Actin polymerization is induced by Yap/Taz transcriptional activity in the CVP.

(A, B, and C) Images of a phalloidin stain of indicated embryos at 36 hpf are shown. Embryos of Tg(fli1: gal4dbd-vp16);(UAS: EGFP-hTead2ΔN);(UAS: mCherry) and Tg(fli1: gal4dbd-vp16);(UAS: mCherry) are indicated as hTeadΔN and Gal4-vp16, respectively. White represents the phalloidin stain. Red indicates mCherry signals. Scale bars: 50 μm. Time-dependent change in the phalloidin stain during CVP formation were also analyzed and shown in (C). Solid squares and error bars represent means and SDs. (D) Cell densities of endothelial cells forming the CVP in embryos are shown. Each dot represents one embryo, and solid squares and error bars represent means and SDs. (E) Enlarged images of (A) are shown. Scale bar: 10 μm.

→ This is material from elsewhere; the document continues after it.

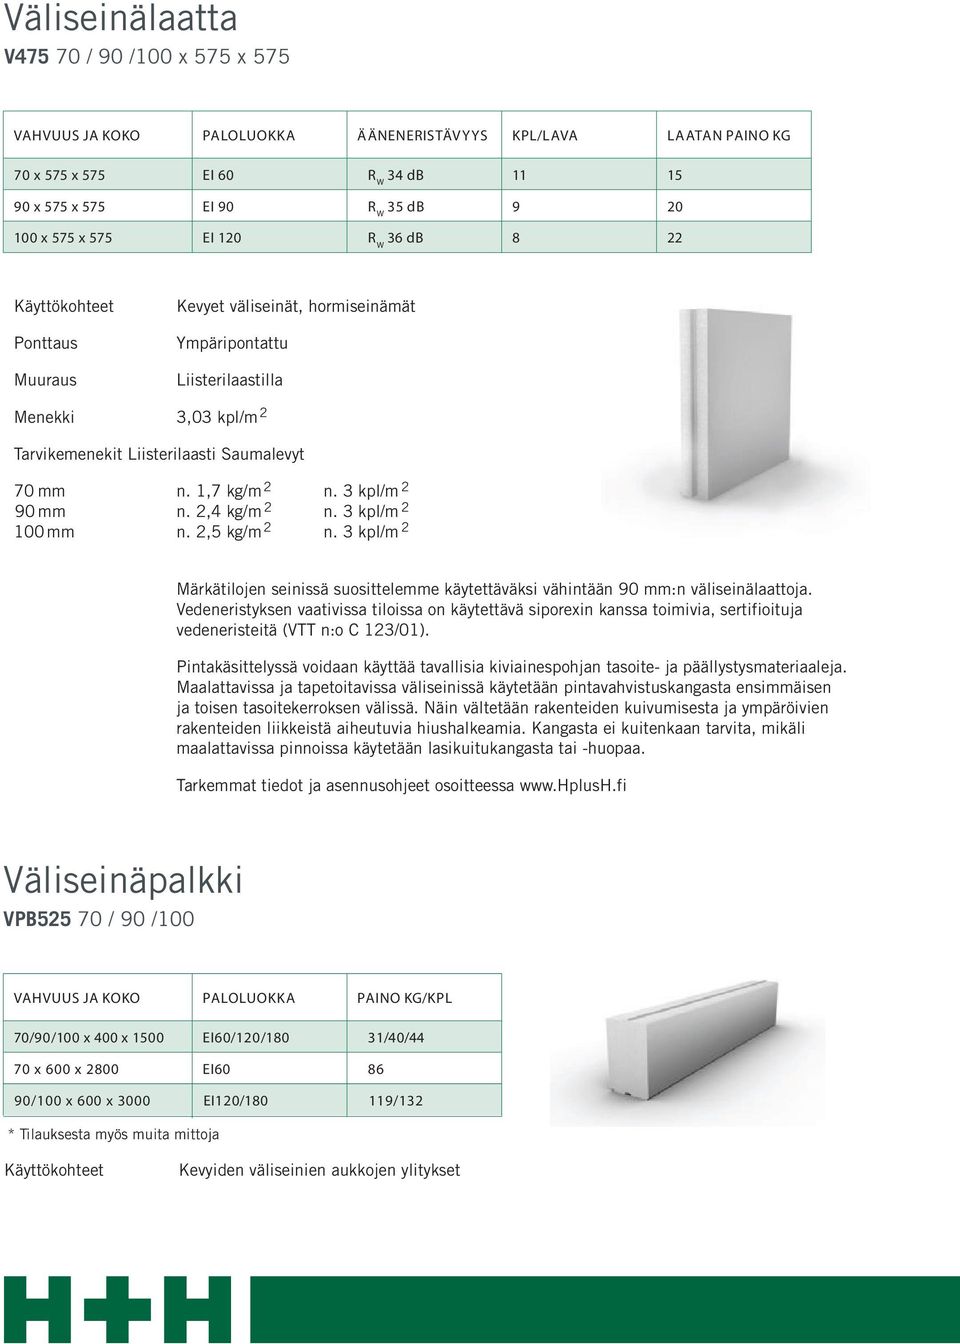 1,7 kg/m 2 n. 3 kpl/m 2 90 mm n. 2,4 kg/m 2 n. 3 kpl/m 2 100 mm n. 2,5 kg/m 2 n. 3 kpl/m 2 Märkätilojen seinissä suosittelemme käytettäväksi vähintään 90 mm:n väliseinälaattoja.

Actin polymerization is required for dCVP regression.

(A) Image of phalloidin stain (white) merged with the mCherry signal (red) in indicated embryos treated with 0 μM or 7.5 μM Cytochalashin B from 30–37 are shown. Scale bars: 100 μm. (B) Representative images for gating of the segmented dCVP area in embryos are shown. The Tg(fli1: gal4dbd-vp16);(UAS: mCherry) embryos treated with 15 μM Cytochalasin B (Cyto.B) or 0.1 μM Latrunculin A (Lat.A) from 30–37 hpf. White color shows mCherry signals. Scale bars: 50 μm. The area of segmented dCVP, gated as indicated in (B) were quantified. The numbers of embryos analyzed are shown at the top of each bar. Each dot represents one embryo, and solid squares and error bars indicate means and SDs.